Write only the number of lines in the entries below that contain the string "Navette".

+++ Data records +++

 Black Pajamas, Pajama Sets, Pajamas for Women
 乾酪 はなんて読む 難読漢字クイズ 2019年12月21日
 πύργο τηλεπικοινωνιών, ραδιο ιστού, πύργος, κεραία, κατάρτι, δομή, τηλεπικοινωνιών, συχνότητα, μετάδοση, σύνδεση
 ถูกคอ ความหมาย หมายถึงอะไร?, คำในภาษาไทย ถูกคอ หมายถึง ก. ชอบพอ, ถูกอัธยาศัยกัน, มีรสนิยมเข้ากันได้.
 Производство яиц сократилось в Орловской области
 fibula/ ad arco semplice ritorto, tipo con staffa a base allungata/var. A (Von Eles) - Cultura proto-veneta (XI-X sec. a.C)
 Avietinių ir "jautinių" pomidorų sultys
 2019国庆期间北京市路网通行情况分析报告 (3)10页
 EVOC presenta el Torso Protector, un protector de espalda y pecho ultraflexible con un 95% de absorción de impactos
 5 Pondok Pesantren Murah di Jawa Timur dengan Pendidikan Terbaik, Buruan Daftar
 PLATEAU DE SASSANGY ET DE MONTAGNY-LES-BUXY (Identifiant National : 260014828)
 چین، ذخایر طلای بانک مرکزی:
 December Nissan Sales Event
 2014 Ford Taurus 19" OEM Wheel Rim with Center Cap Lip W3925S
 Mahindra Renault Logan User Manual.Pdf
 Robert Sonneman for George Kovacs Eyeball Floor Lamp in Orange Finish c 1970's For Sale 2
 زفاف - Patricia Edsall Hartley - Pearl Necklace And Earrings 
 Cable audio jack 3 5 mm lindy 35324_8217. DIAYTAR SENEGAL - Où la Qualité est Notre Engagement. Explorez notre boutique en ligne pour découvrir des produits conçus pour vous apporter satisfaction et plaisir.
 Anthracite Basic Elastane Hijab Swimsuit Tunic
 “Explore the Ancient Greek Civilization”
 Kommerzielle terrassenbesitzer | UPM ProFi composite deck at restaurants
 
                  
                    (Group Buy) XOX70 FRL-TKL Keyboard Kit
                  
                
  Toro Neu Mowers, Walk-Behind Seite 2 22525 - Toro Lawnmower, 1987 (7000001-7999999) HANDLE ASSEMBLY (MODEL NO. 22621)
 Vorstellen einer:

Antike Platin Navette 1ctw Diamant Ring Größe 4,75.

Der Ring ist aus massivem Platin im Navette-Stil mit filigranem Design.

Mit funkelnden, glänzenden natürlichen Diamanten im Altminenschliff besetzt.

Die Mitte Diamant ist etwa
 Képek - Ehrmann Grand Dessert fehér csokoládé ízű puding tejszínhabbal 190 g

+++

Answer to the problem: 2